Data:
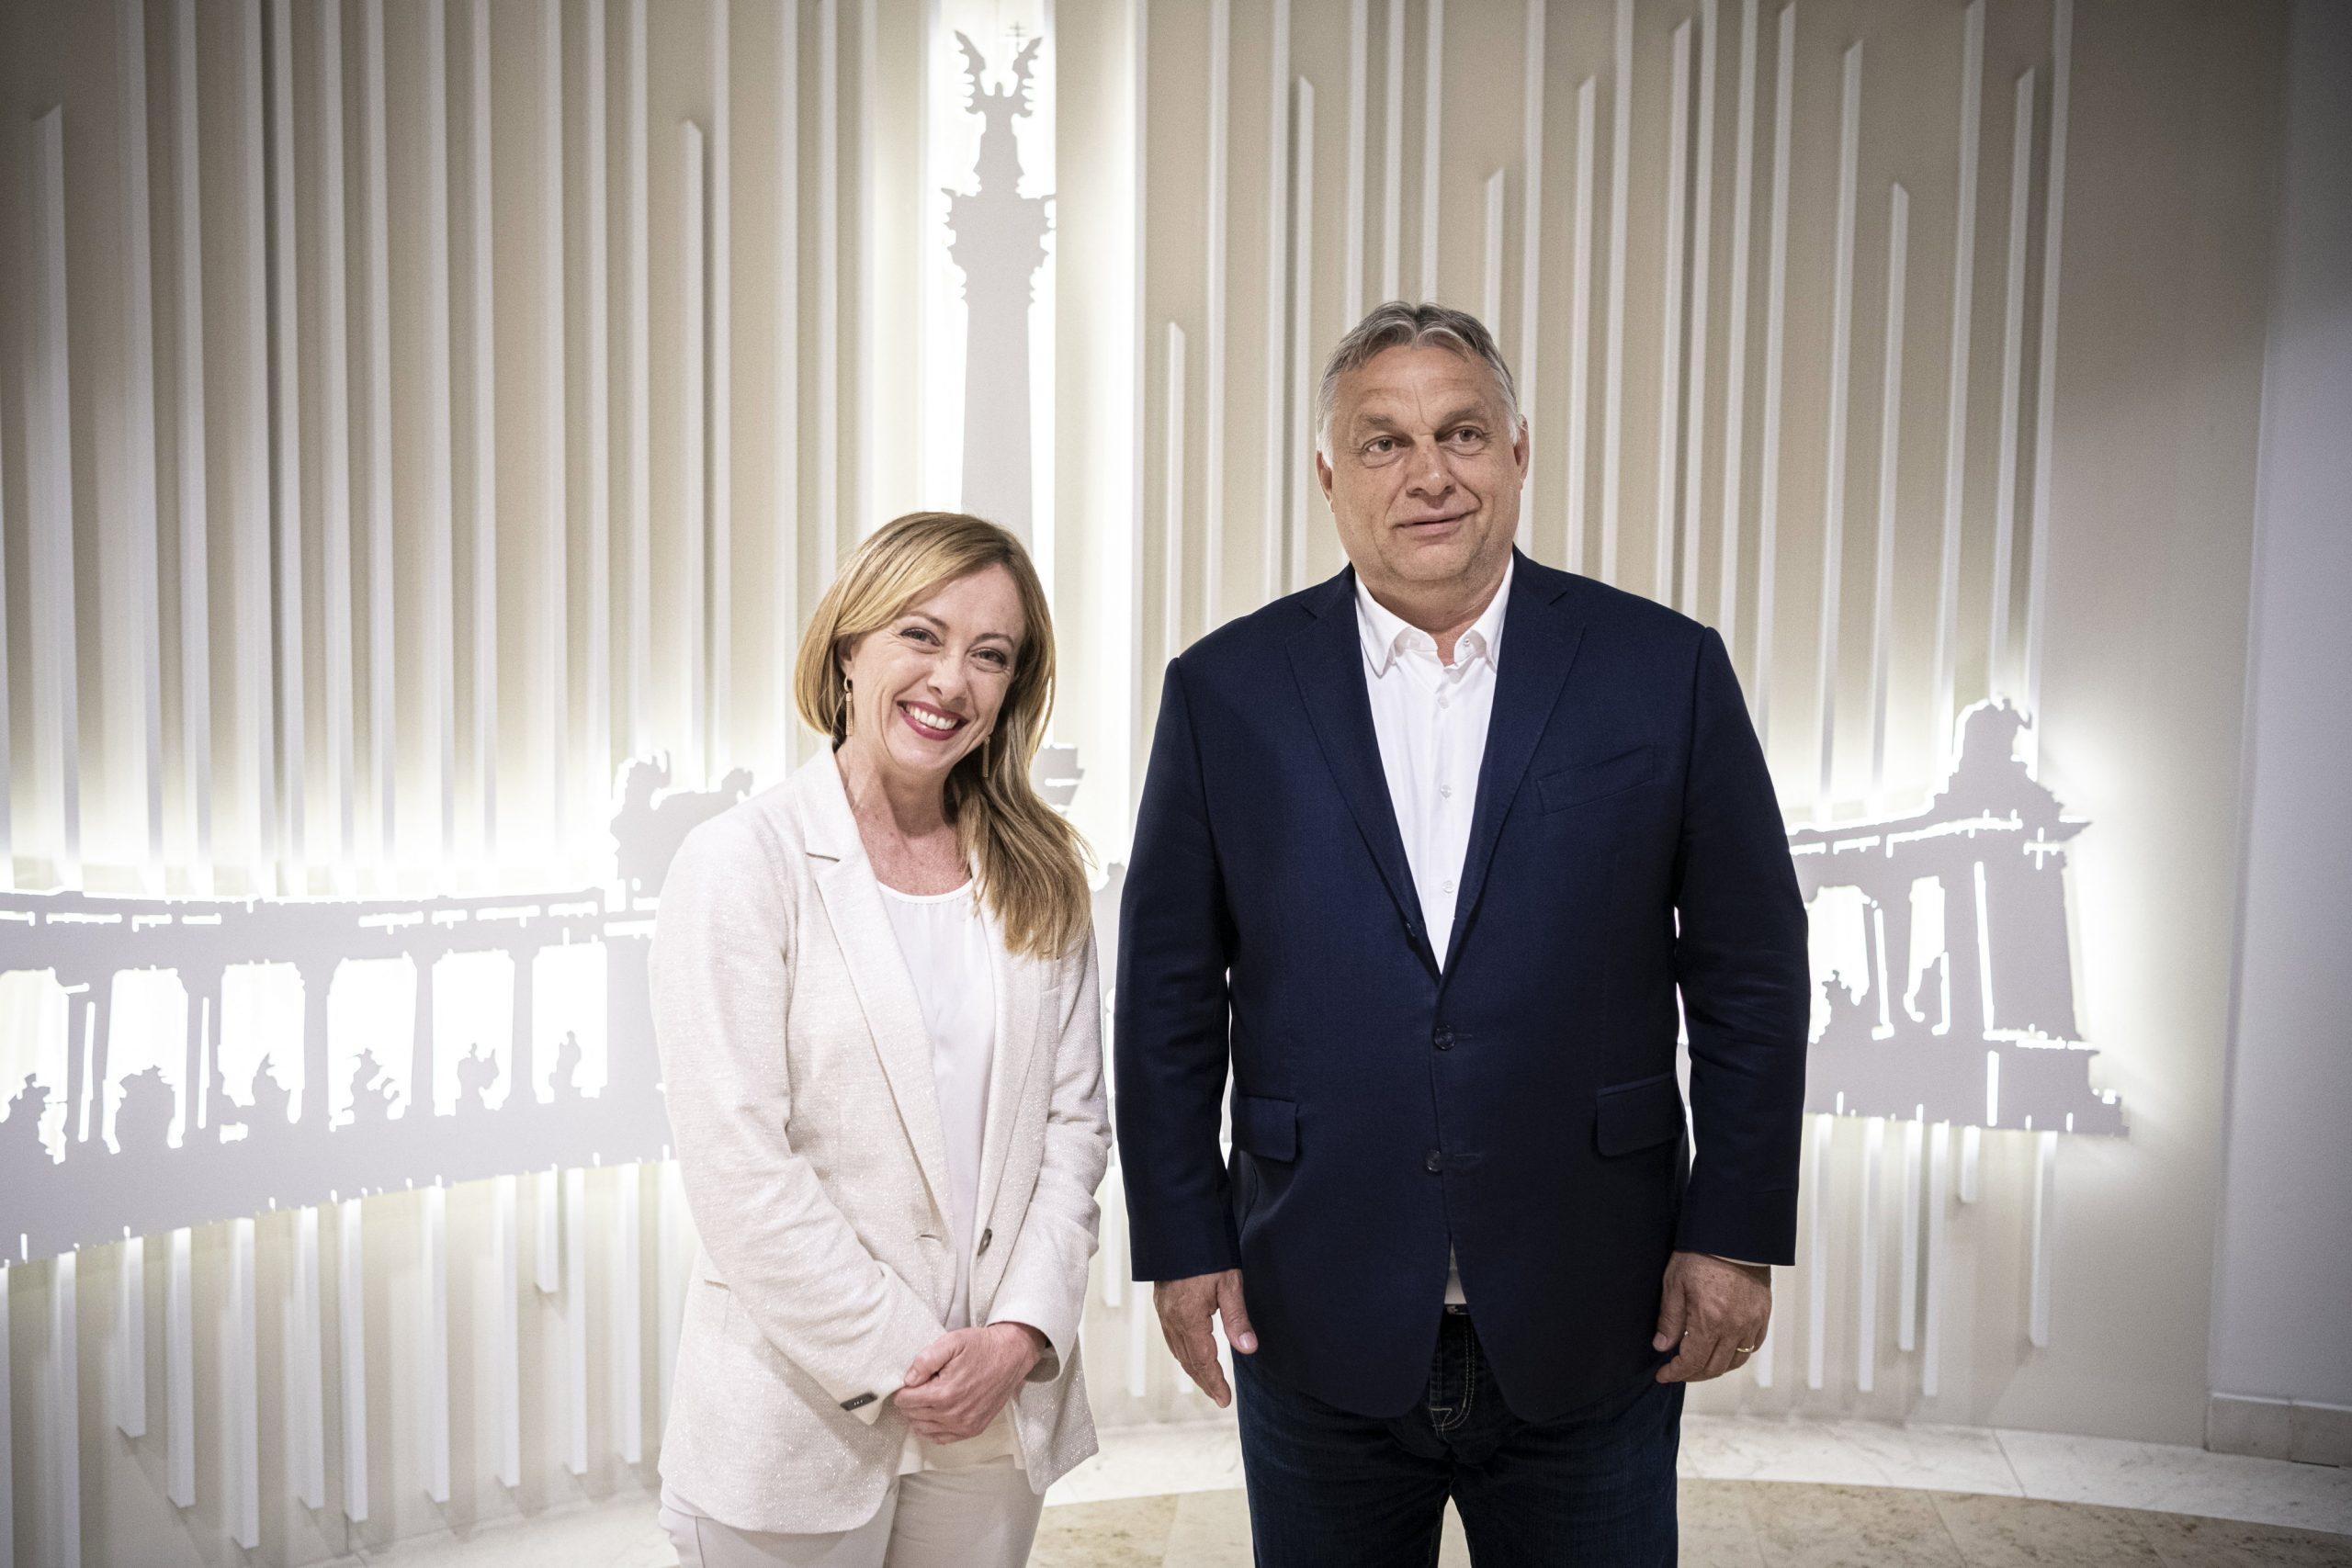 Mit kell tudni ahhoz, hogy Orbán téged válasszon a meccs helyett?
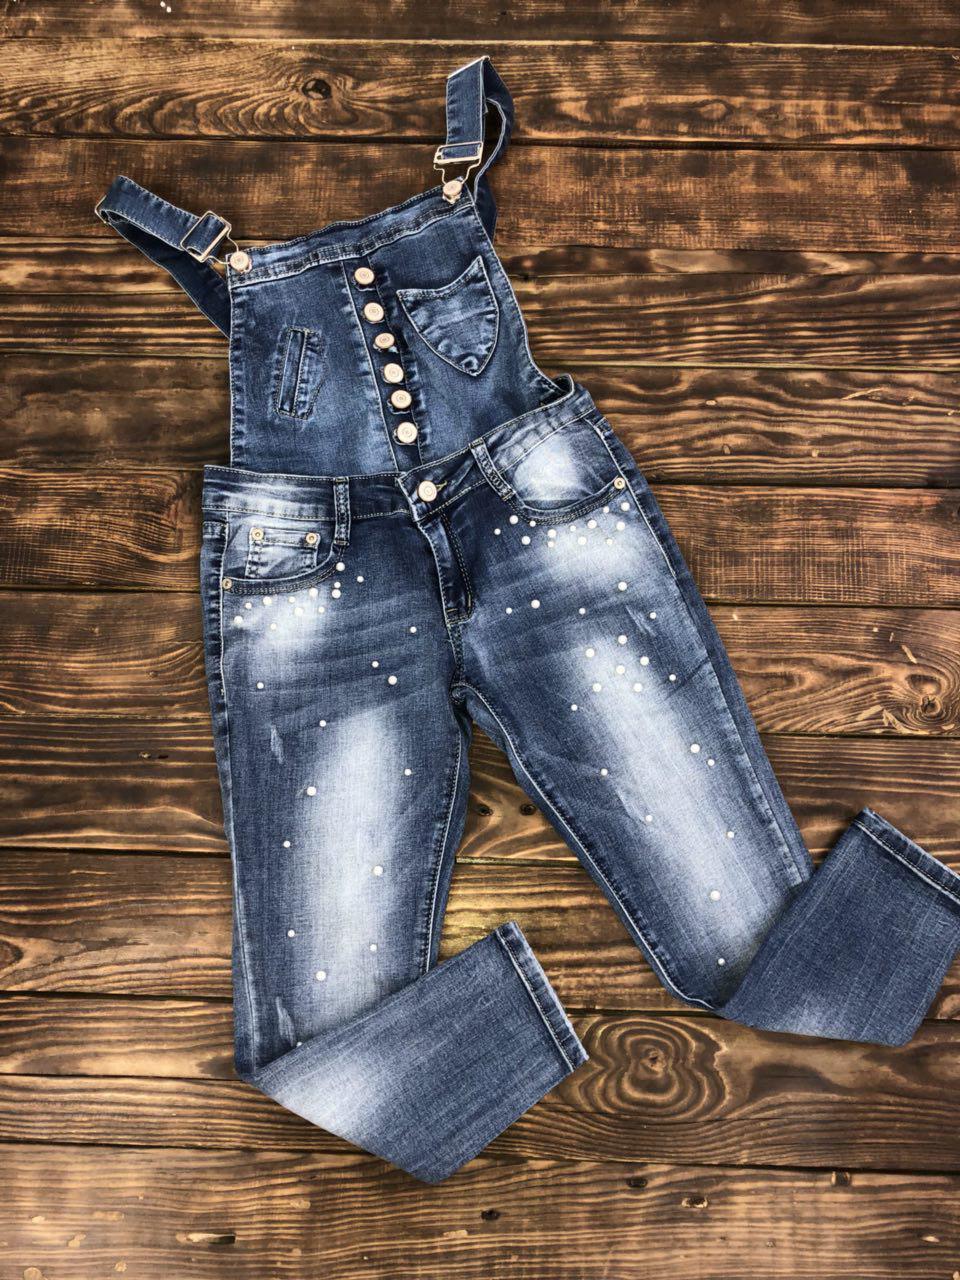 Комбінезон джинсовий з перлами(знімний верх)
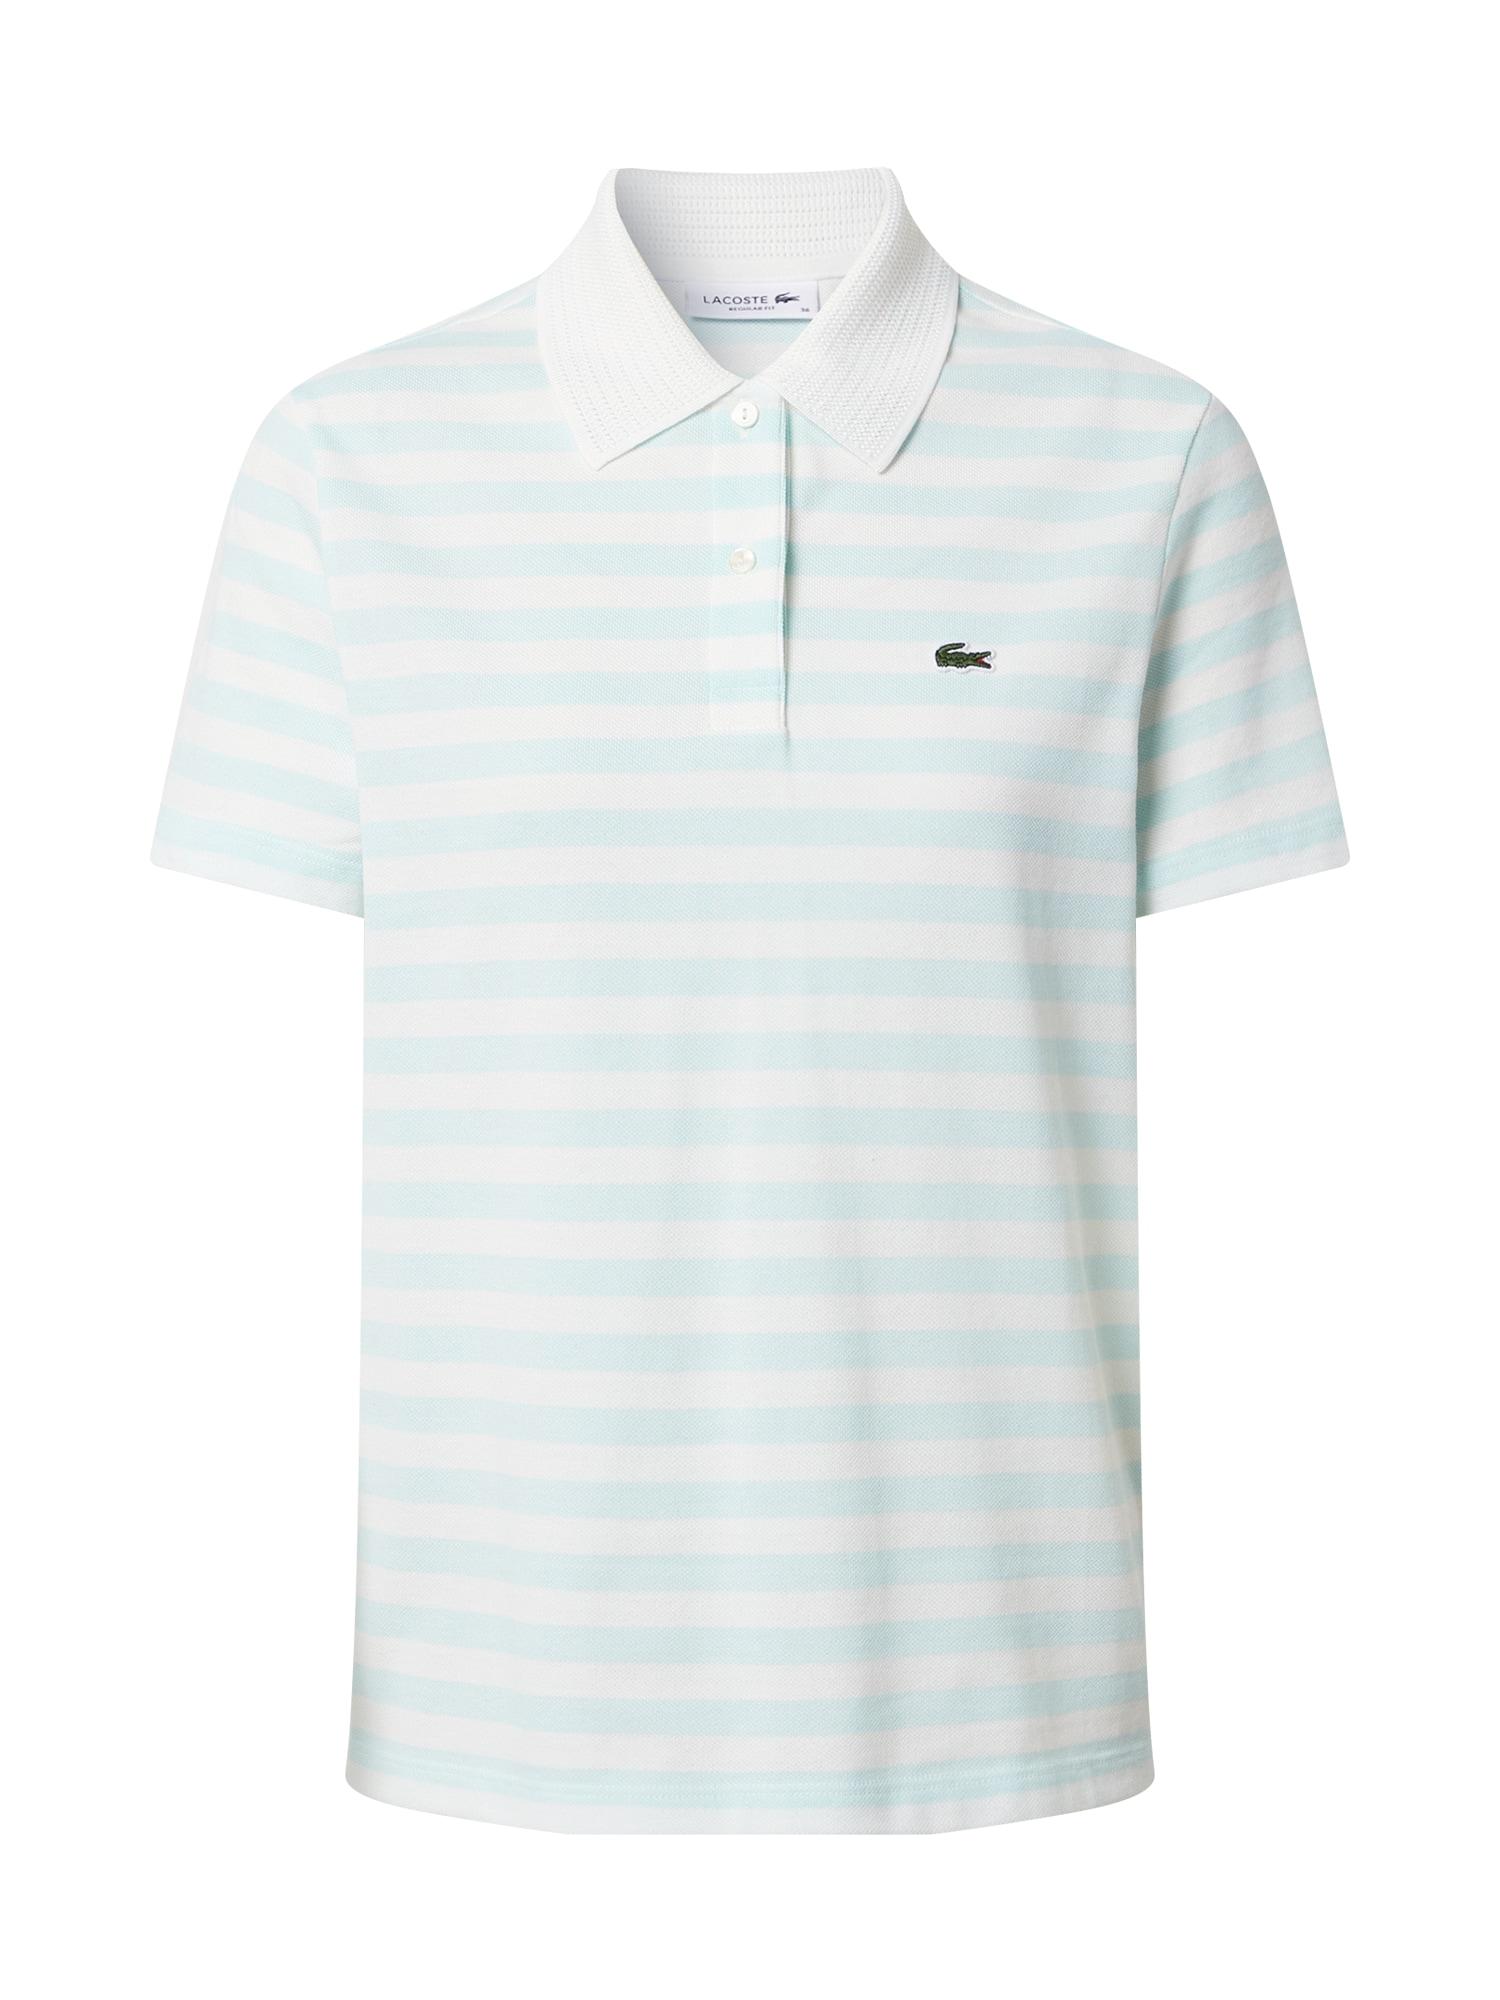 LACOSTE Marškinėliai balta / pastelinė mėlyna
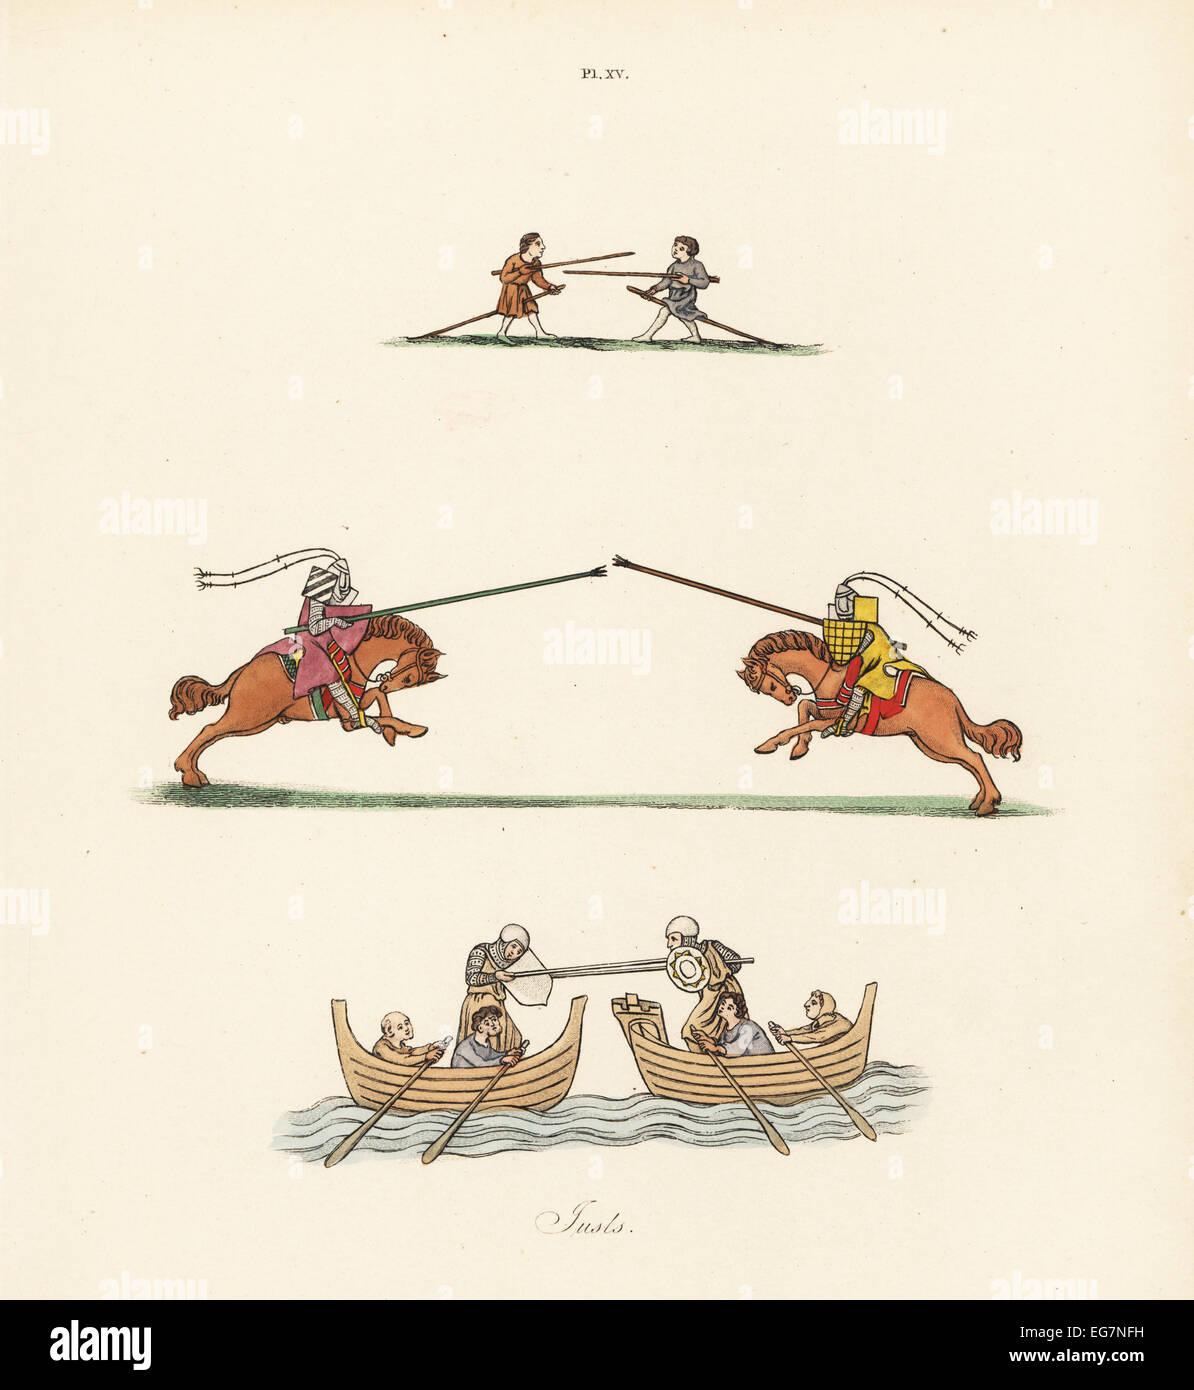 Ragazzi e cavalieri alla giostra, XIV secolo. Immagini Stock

Work task:
Your task is to copy word for word the lines from the line containing "Комбінезон джинсовий з перлами(знімний верх)" to the end of the listing, both included, and to drop any pictures.

Answer for this exercise:
 Комбінезон джинсовий з перлами(знімний верх)
 LACOSTE Marškinėliai balta / pastelinė mėlyna
 Ragazzi e cavalieri alla giostra, XIV secolo. Immagini Stock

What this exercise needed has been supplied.